Solving problems in ion mobility measurements of forensic samples with thermal desorption and dynamic modeling.

摘要

Fast screening procedures are necessary when forensic samples are being investigated, which is apparent when screening for explosives, narcotics, and bacteria. Many forensic problems can be solved by traditional analytical methods such as gas chromatography (GC) and liquid chromatography (LC). However, ion mobility spectrometry (IMS) offers several advantages that enhance its applicability as a screening procedure compared to traditional methods. Some of these advantages include its high sensitivity, low detection limits, rapid response, portability, and real-time monitoring capabilities.
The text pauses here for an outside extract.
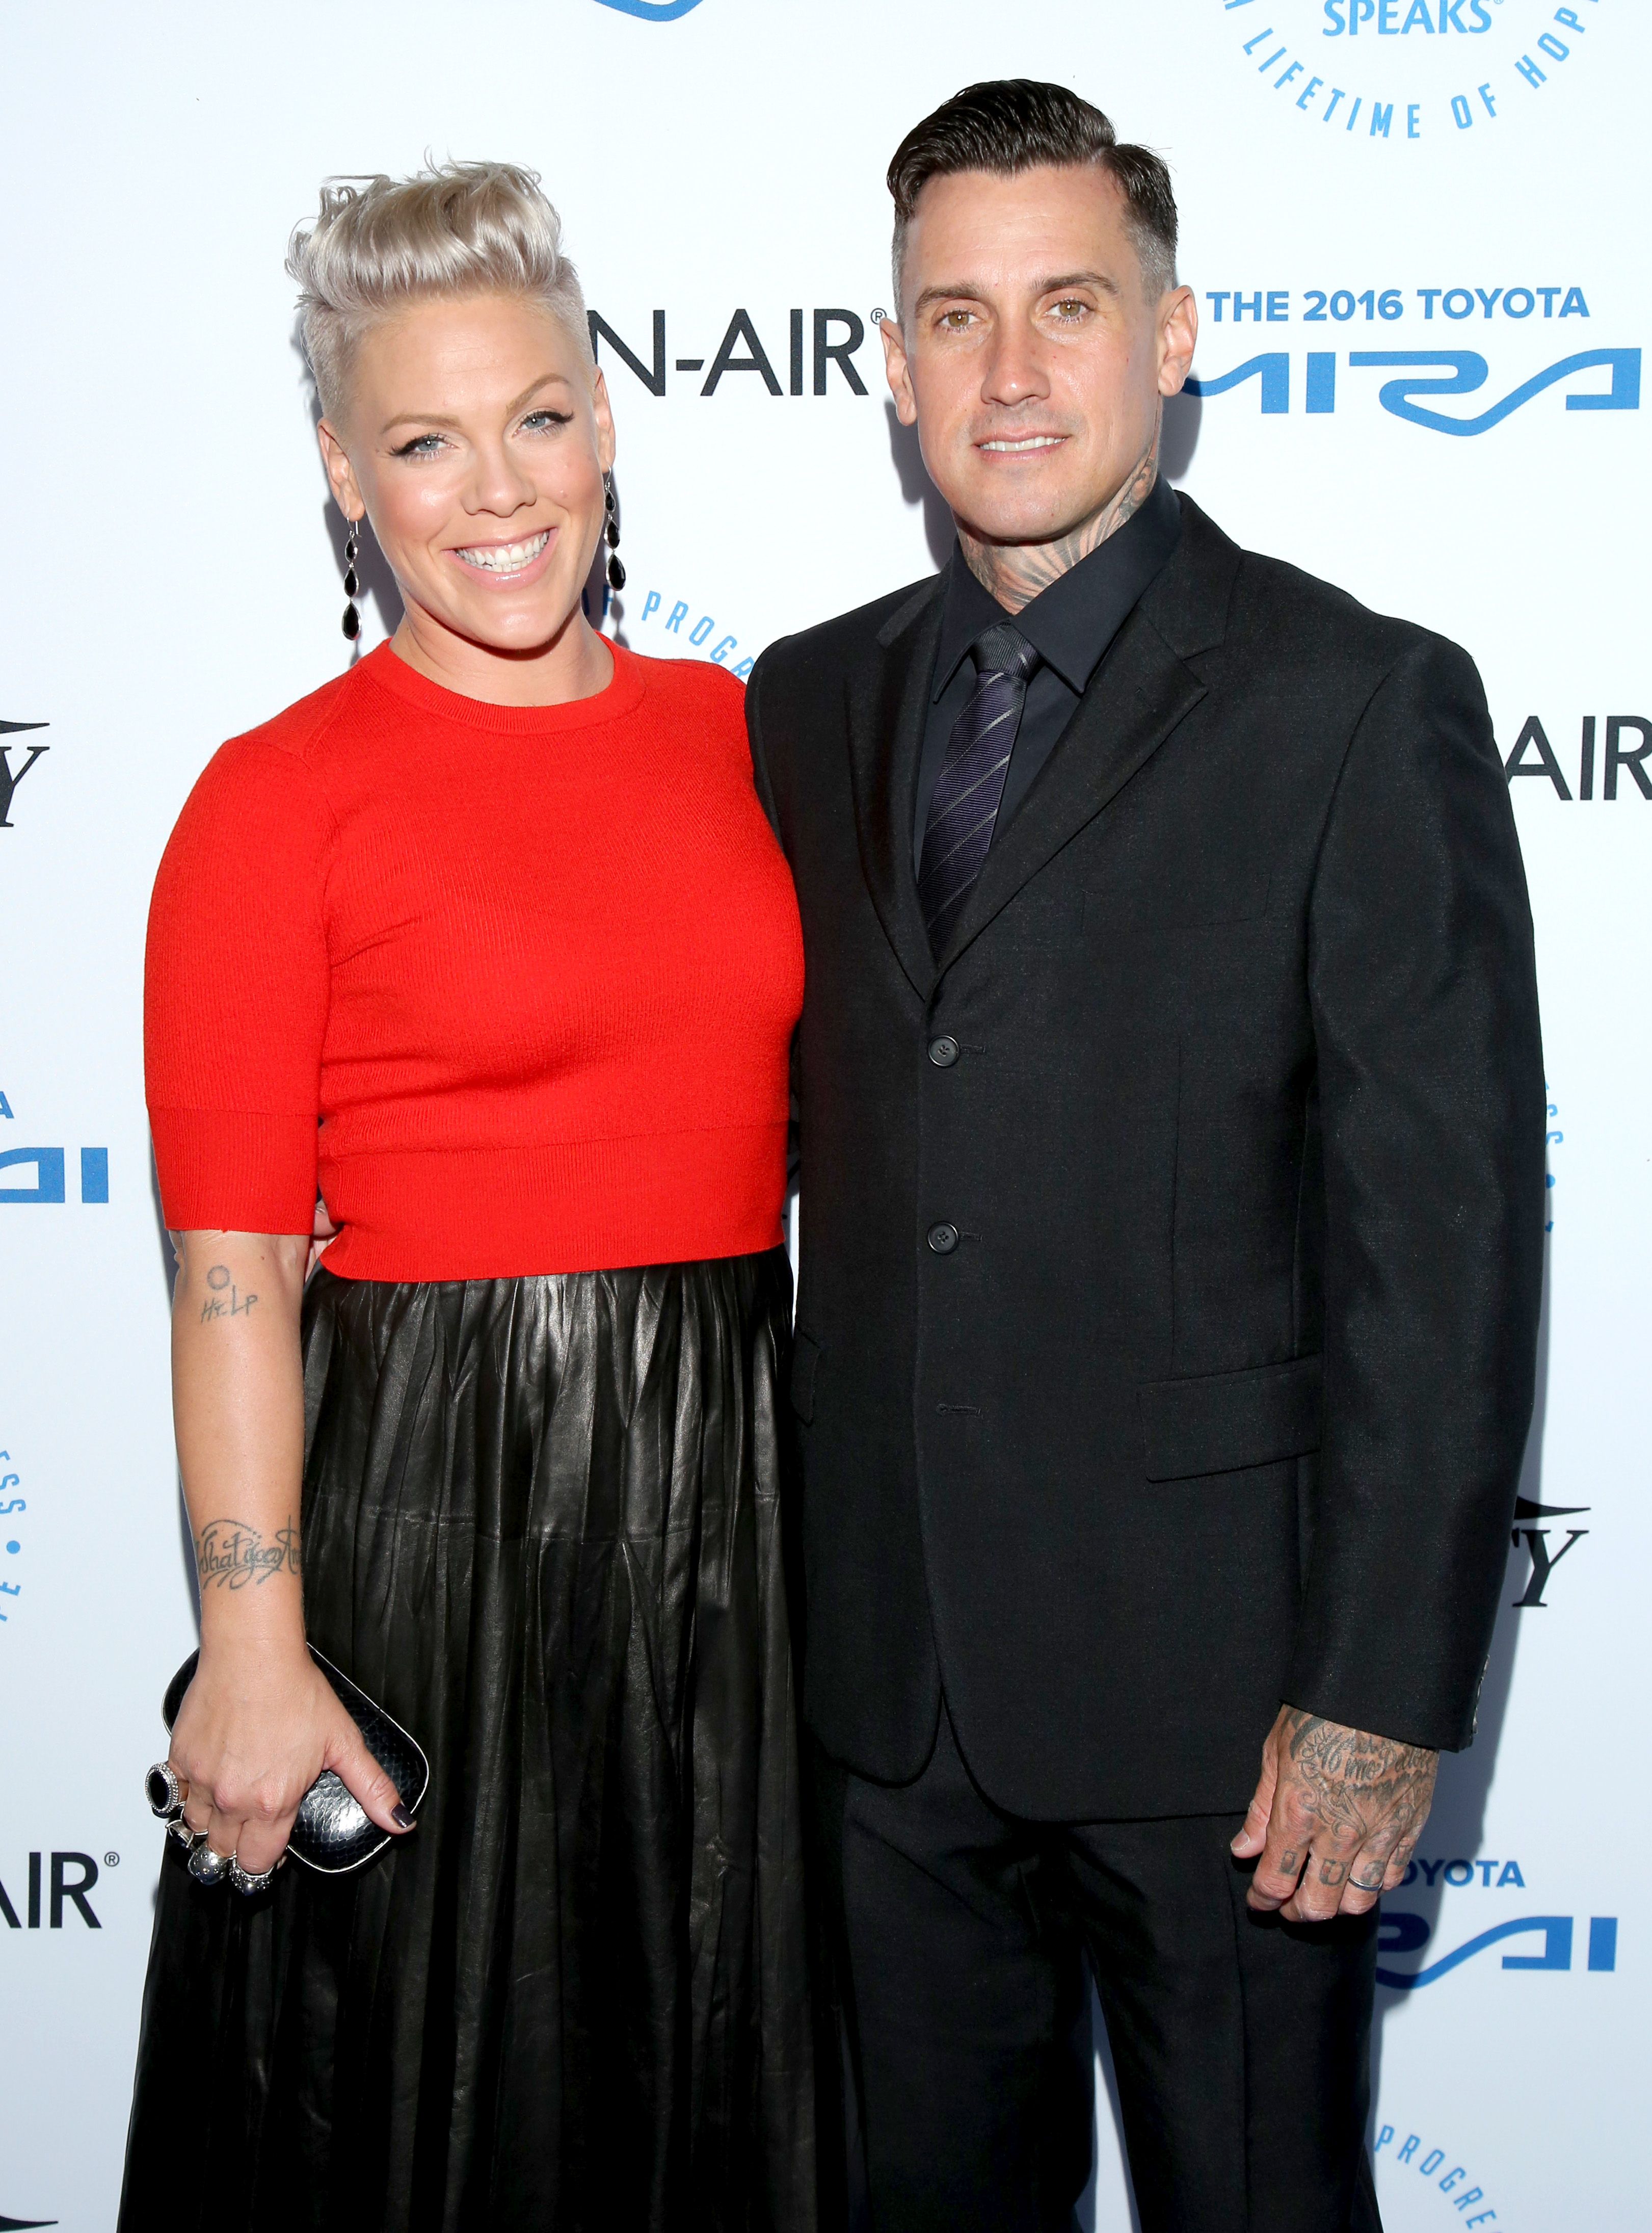 Pink's Kids: What To Know About Her 2 Children With Carey Hart
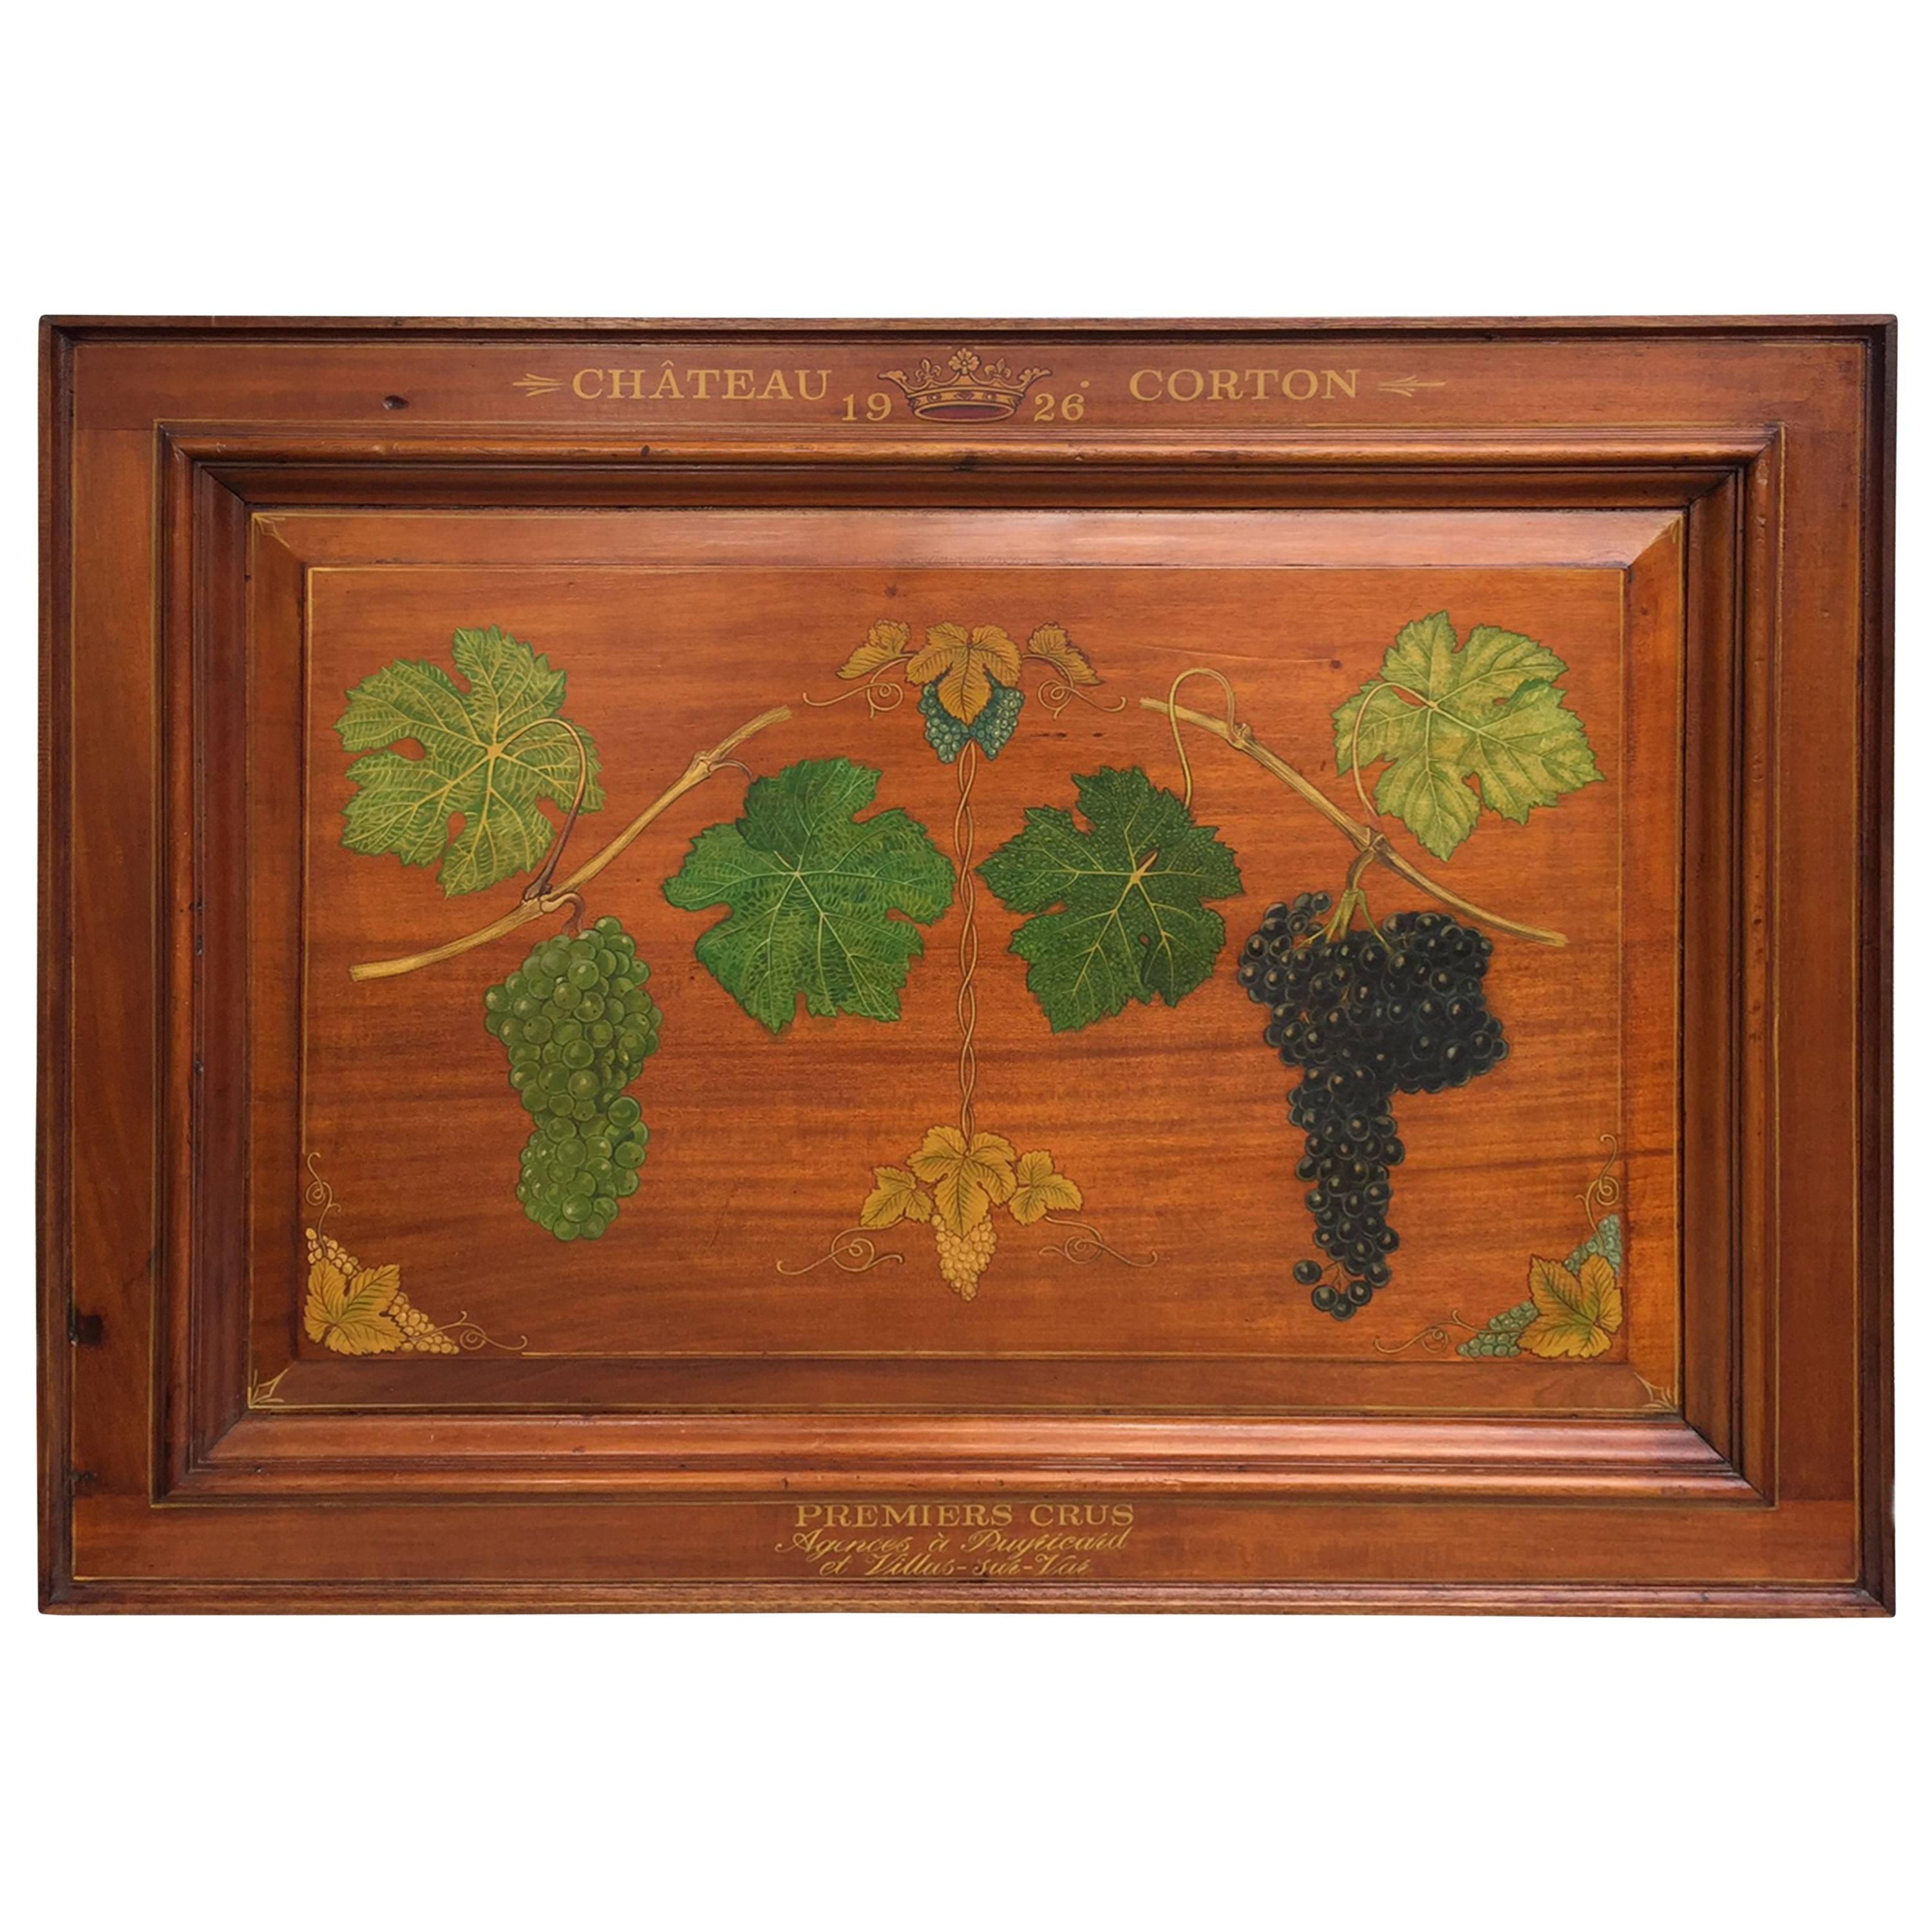 Chateau Corton Mahogany Wine Cellar Hand-Painted Sign, circa 1926 For Sale

SIMPLe-to-use Interactive Self-modeling Mixture Analysis (SIMPLISMA) allows temporal information in the data to be exploited so that information is not lost by averaging.; Several methods were developed to produce systems that could solve forensic problems rapidly. First, by utilizing a temperature ramped thermal desorption IMS system with SIMPLISMA, interfering compounds were separated from explosives. Without the ramped thermal desorption, separation of the different compounds was not possible. Also, coupling solid phase extraction (SPE) with IMS allows for the detection of trace levels of analytes in liquid matrices. The detection of explosives in water is very important because 2,4,6-trinitrotoluene (TNT), cyclotrimethylene trinitramine (RDX), and cyclotetramethylene tetranitramine (HMX) are toxic to humans. By using SPE-IMS, detection and identification of the explosives in water was achieved, possible interferences were removed, and very low detection limits were obtained. Also, the detection of illegal narcotics and their metabolites in urine is important for workplace drug screening. The advantages of utilizing SPE-IMS for these samples include simultaneous detection of several possible compounds and removal of adulterants that might interfere with detection of the narcotics. Finally, adding a thermal hydrolysis/methylation (THM) step to IMS provides a method to detect and identify bacteria rapidly by their fatty acid methyl ester profiles. By utilizing THM-IMS, Bacillus cereus and three different Listeria bacteria could be detected and identified rapidly. SIMPLISMA and principal component analysis (PCA) were utilized to classify the data.; Solving problems in ion mobility measurements of forensic samples is possible by IMS without utilizing more complex systems such as GC-IMS or LC-IMS which reduce its applicability as a rapid screening technique.